▸ Dataset content:
======

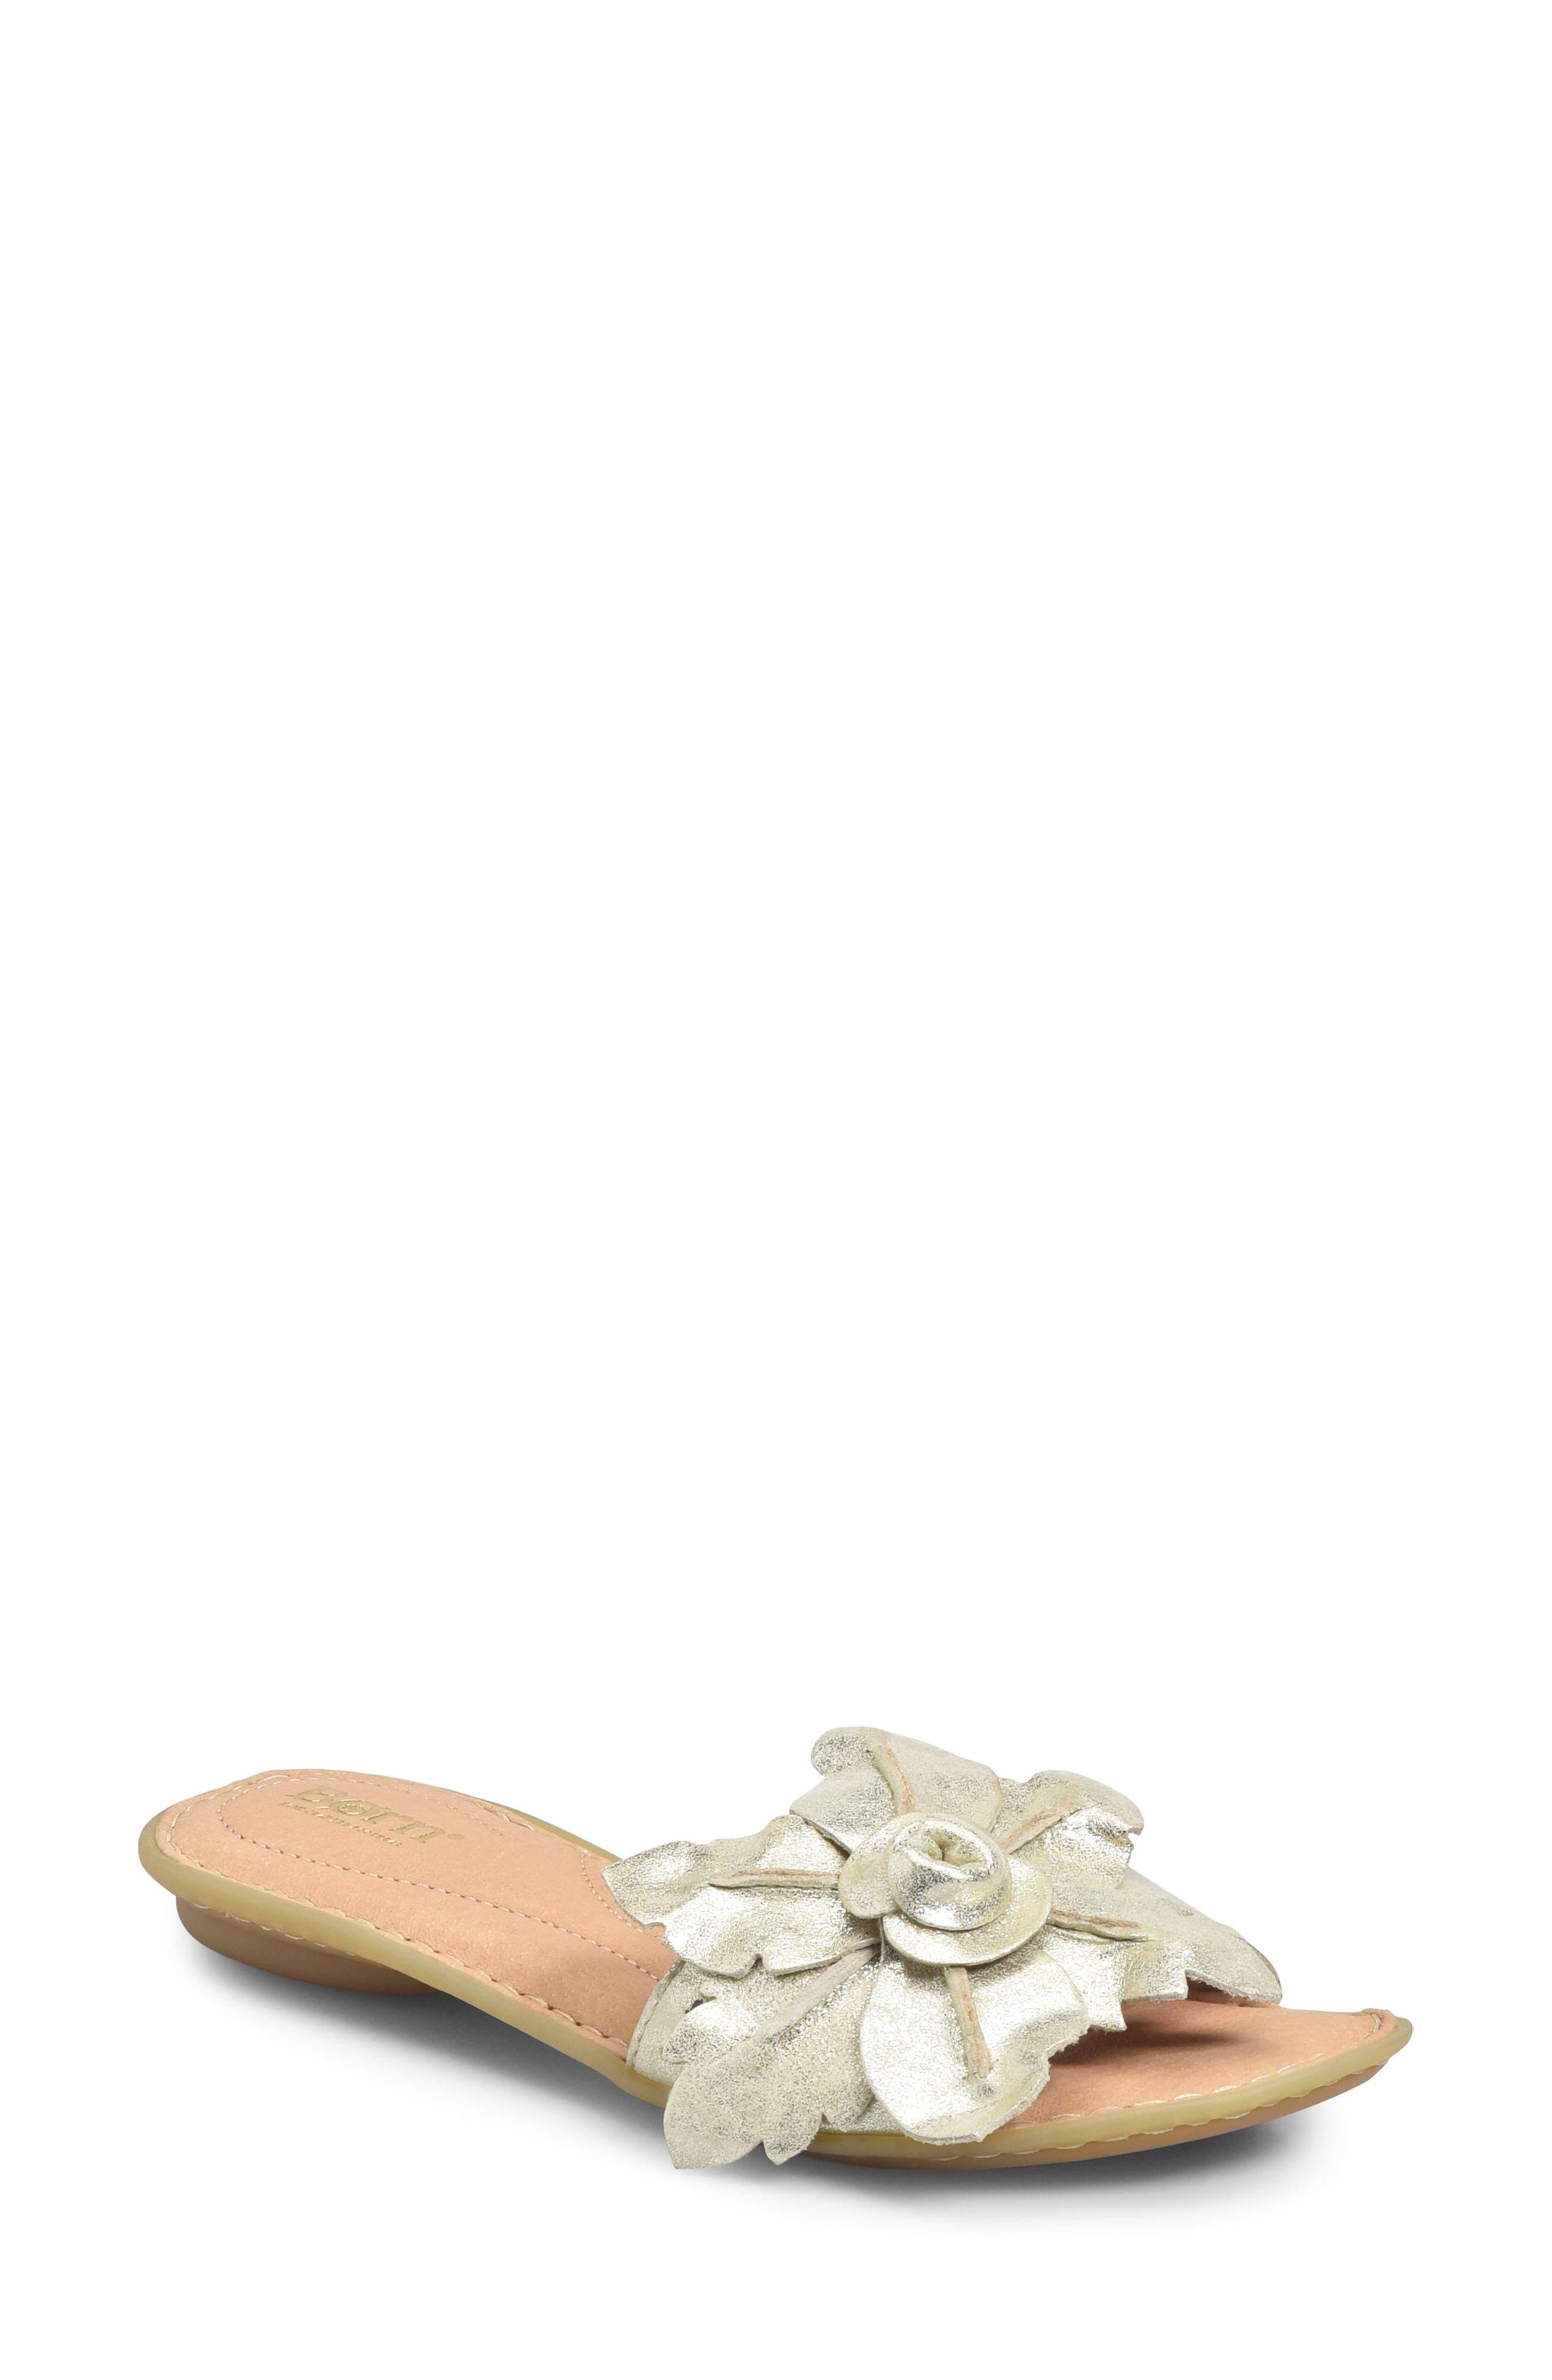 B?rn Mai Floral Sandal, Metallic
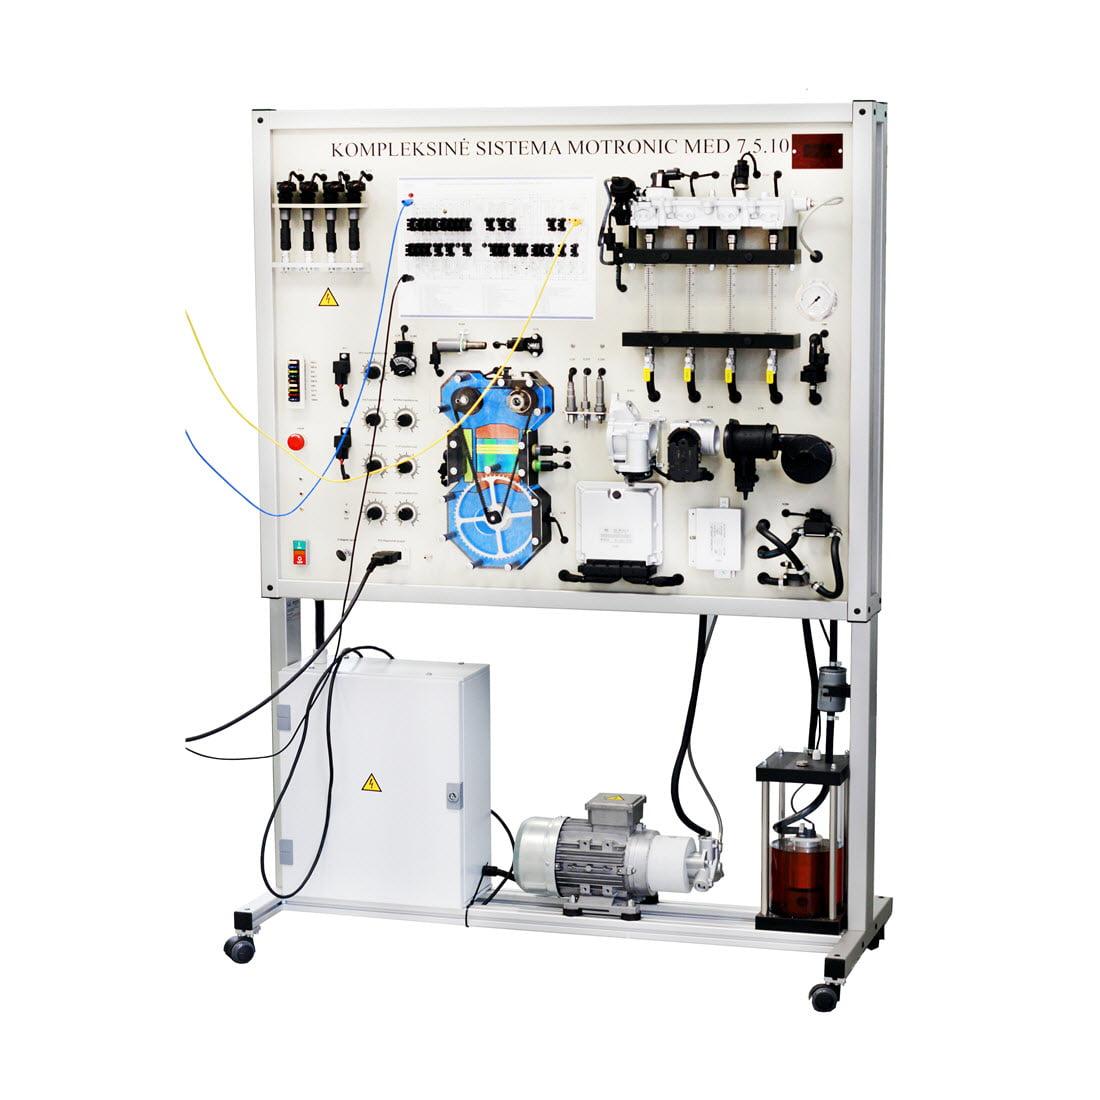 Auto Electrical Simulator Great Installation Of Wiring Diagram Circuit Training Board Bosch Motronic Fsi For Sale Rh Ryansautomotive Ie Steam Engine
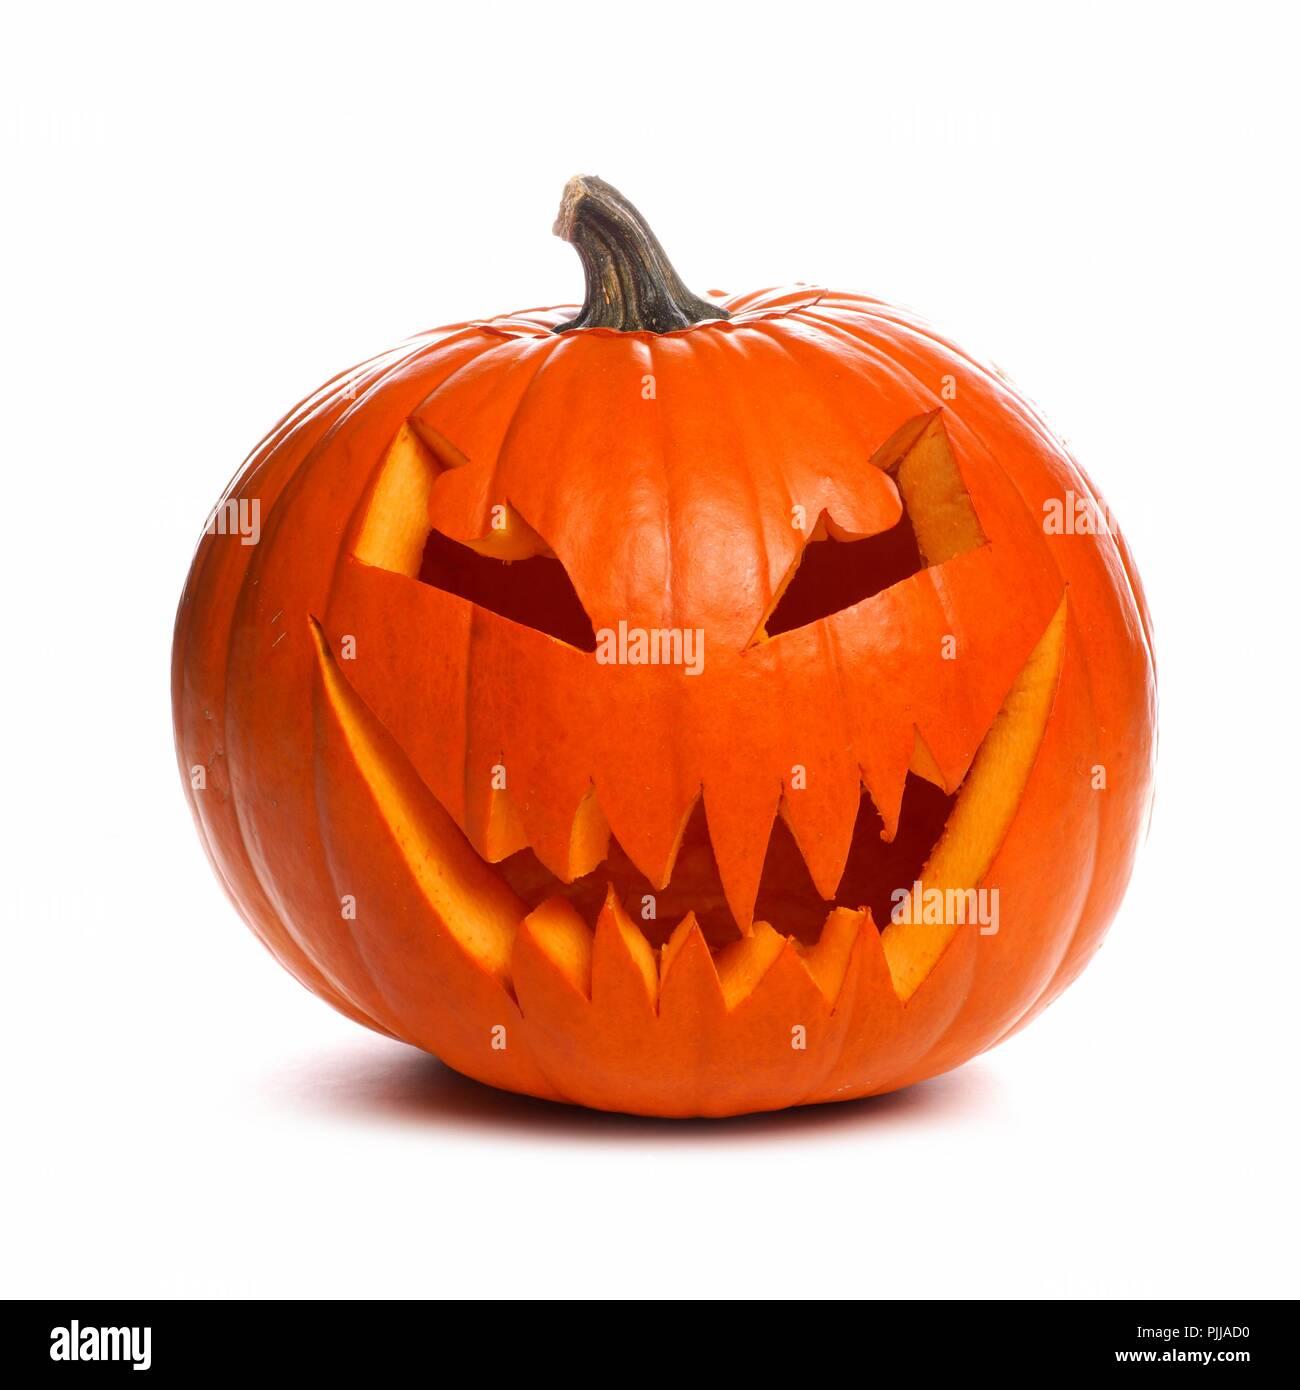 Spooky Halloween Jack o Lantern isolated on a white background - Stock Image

======

▸ Task to complete:
Your task is to output the material word for word while leaving out every image.

▸ Response for this exercise:
 B?rn Mai Floral Sandal, Metallic
 Auto Electrical Simulator Great Installation Of Wiring Diagram Circuit Training Board Bosch Motronic Fsi For Sale Rh Ryansautomotive Ie Steam Engine
 Spooky Halloween Jack o Lantern isolated on a white background - Stock Image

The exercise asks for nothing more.